Pressemitteilung
Die Präsidentin des Kammergerichts – Pressestelle der Berliner Strafgerichte -
Auf eine Jugendstrafe in Höhe von drei Jahren und sechs Monaten hat heute eine Jugendkammer des Landgerichts Berlin wegen Körperverletzungsdelikten und Beleidigung gegen den mittlerweile 20 Jahre alten Kaan U. erkannt. Zugleich beschloss die Kammer die Fortdauer der Untersuchungshaft.
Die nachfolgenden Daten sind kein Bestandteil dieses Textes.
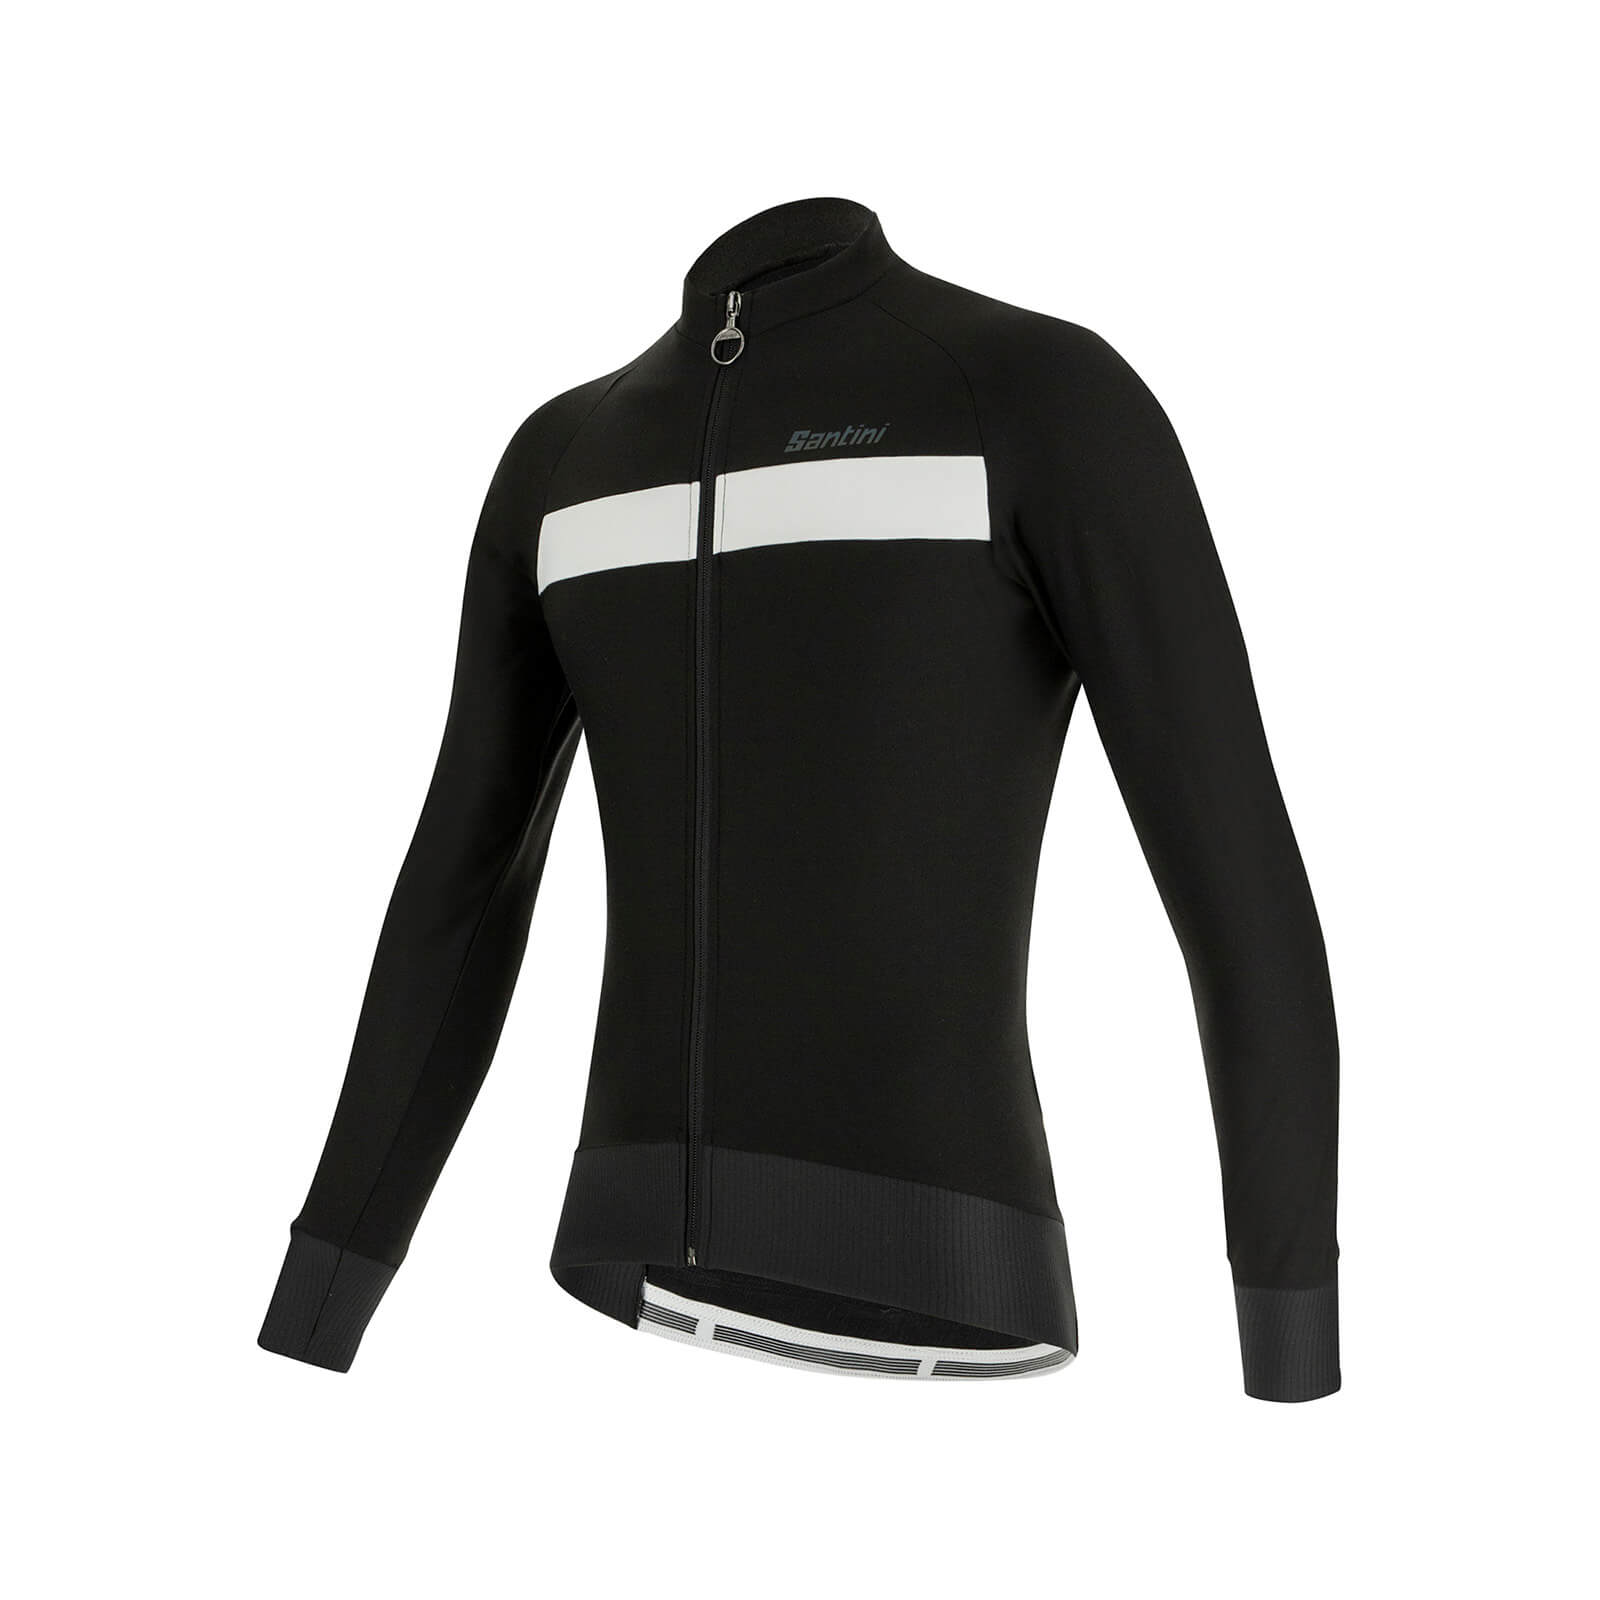 Santini Adapt Wool Long Sleeve Jersey - XL - Black/White

Wütend und aggressiv sei U. am Mittag des 16. November 2007 gewesen, als ihm auf dem Gehweg in Berlin- Neukölln die 16 Jahre alte Schülerin K. begegnet sei. Eine Auseinandersetzung mit dem älteren Bruder – einzige familiäre Bezugsperson, nachdem die Eltern ihn bereits im jugendlichen Alter allein in der ehemaligen Familienwohnung in Neukölln zurückgelassen hatten und in die Türkei zurückgekehrt waren- hatte ihn nach den Feststellungen des Gerichts verärgert. Gegen Fahrzeuge habe er getreten, einen Ein-kaufswagen herumgeschleudert. Dies habe auch K. bemerkt und sei dem Angeklagten ausgewichen. Ohne Vorankündigung aber habe sie der Angeklagte, als er sich bereits in ihrem Rücken befunden habe, von hinten am Nacken gepackt, an den Haaren gezogen und sie festgehalten. „Steif vor Angst“ habe die Schülerin aufgeschrien, so die Vorsitzen-de in ihrer mündlichen Urteilsbegründung. Der Angeklagte aber habe sie zum Objekt sei-ner Aggressionen gemacht und diesen
freien Lauf gelassen: Er habe ein Messer gezückt und mit einer weit ausholenden Bewegung gleichsam wie eine Ohrfeige, in Richtung des Gesichtes der Geschädigten gestochen.
Kaan U., zum Tatzeitpunkt noch 18 Jahre alt, verletzte das zwei Jahre jüngere Mädchen schwer. Sie erlitt eine klaffende Schnittwunde an der Oberlippe, eine Prellung der linken Gesichtshälfte, ein Hämatom am Auge und eine Gehirnerschütterung. Schwerwiegender noch die seelischen Folgen: Das plötzlich über sie hereinbrechende unausweichliche Geschehen, die Verletzung ihrer körperlichen Integrität, der sie sich schutzlos habe ausgeliefert gesehen, hätten bei der jungen Geschädigten andauernde Angstzustände und Albträume verursacht. Sie sei nach wie vor in ihrer Lebensführung beeinträchtigt.
Auch zwei weitere durch das Gericht zu beurteilende Taten richteten sich gegen Frauen. Am 5. Februar 2008 habe der Angeklagte eine Geschädigte, auch diese ihm völlig unbekannt, zunächst beschimpft und sie schließlich getreten. Am 23. April 2008 sei er in einer gegen ihn geführten Hauptverhandlung im Kriminalgericht Moabit aufgesprungen, habe eine Zeugin beschimpft und versucht, diese so einzuschüchtern, dass sie keine belastenden Angaben mache.
Ausreichende Hinweise für ein bestehendes pathologisches Verhältnis zu Frauen seien im Anschluss an die entsprechenden Ausführungen des psychiatrischen Sachverständigen indes nicht vorhanden, hieß es in der mündlichen Urteilsbegründung. Der Angeklagte sei keineswegs in seiner Steuerungsfähigkeit vermindert, sondern voll schuldfähig.
„Vernachlässigt von den Eltern“ habe er in den Tag hinein gelebt. Eine enge emotionale Bindung an andere Menschen existiere nicht. Er bilde eine erhebliche Gefährdung für seine Umwelt, und zwar auch für Personen, die ihm zufällig begegneten. Der intellektuell und emotional retardierte Angeklagte benötige dringend Unterstützung und müsse auf dem „langen und schwierigen Weg“, der vor ihm liege, Hilfe und Behandlung akzeptieren, erklärte die Vorsitzende.
Erzieherisch notwendig, aber unter dem Aspekt des gerechten Schuldausgleichs auch dringend geboten seien daher – bei dem vom Gesetzgeber vorgesehenen Strafrahmen von sechs Monaten bis zu fünf Jahren Jugendstrafe- die erkannten drei Jahre und sechs Monate Haft.
Das Urteil ist nicht rechtskräftig. Es kann binnen einer Woche mit dem Rechtsmittel der Revision zum Bundesgerichtshof angegriffen werden.